Das war neu. Frieda war zutiefst schockiert. »Welchen Besuch?«, fragte Frieda leise und wie vor Schreck erstarrt. Sollte das etwa heißen andere Menschen kämen hierher, in ihr Ferienparadies? Ihrem ureigenen Platz der Ruhe und des Friedens? Fremde Menschen, die sich zwischen sie und ihre geliebte Großtante drängen würden und zu guter Letzt Rosalind auch noch ständig in Beschlag nehmen würden? Was sollte das?

Es war eine Katastrophe.

»Schätzchen. Mach dir keine Sorgen. Bring’ erstmal deine Sachen nach oben und komm’ hier an. Bei Orangenkuchen und Tee erkläre ich dir alles und dann sieht die Welt gleich wieder anders aus, ja? Es gibt wahnsinnig viele Neuigkeiten«, erwiderte Rosalind Friedas Gedanken.

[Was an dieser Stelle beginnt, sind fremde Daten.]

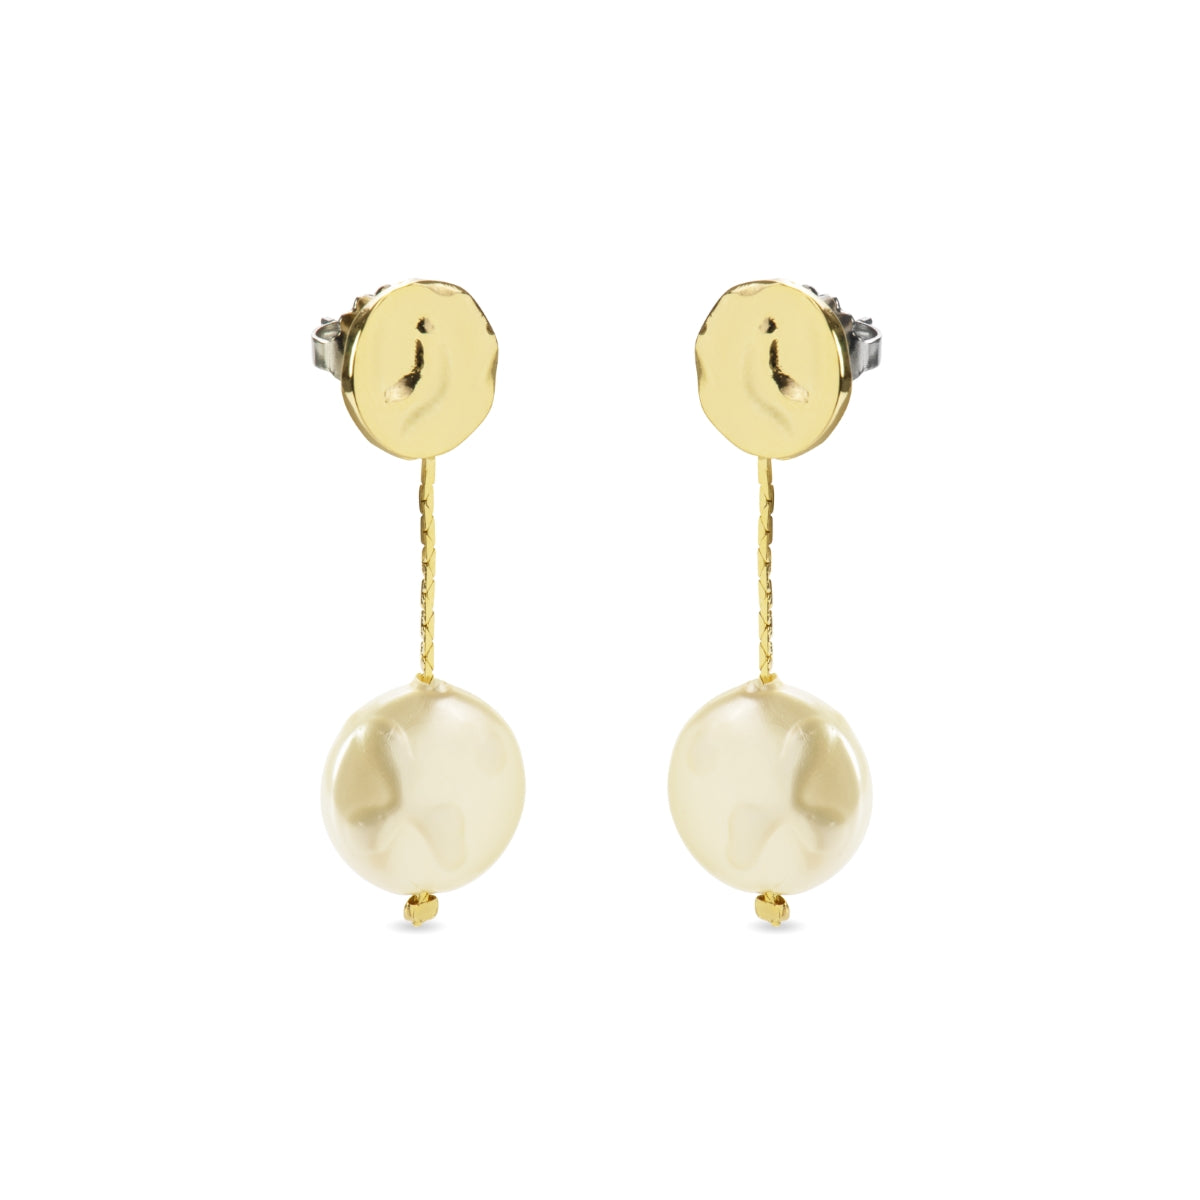 Vidthas Earrings finished in 18 Kt Yellow Gold

Das war wieder typisch Rosalind, wie sie Friedas Gedanken erraten hatte. Das war das Angenehme und zugleich Anstrengende an Friedas Großtante Rosalind: Sie wusste immer, was in Frieda vorging und schien ihre Gedanken und Gefühle lesen zu können.

2.

Friedas Ferien-Zimmer! Ihr einzigartiges, für sie allein eingerichtetes Zimmer. Ihr Nest, ihre Oase, ihr einzig wirklicher Rückzugsort. Wie sie es liebte!

Der Raum war direkt unter dem Dach, neben dem Speicher. Wie durch ein Wunder war er schattig und kühl. Das musste an der toskanischen Bauweise liegen.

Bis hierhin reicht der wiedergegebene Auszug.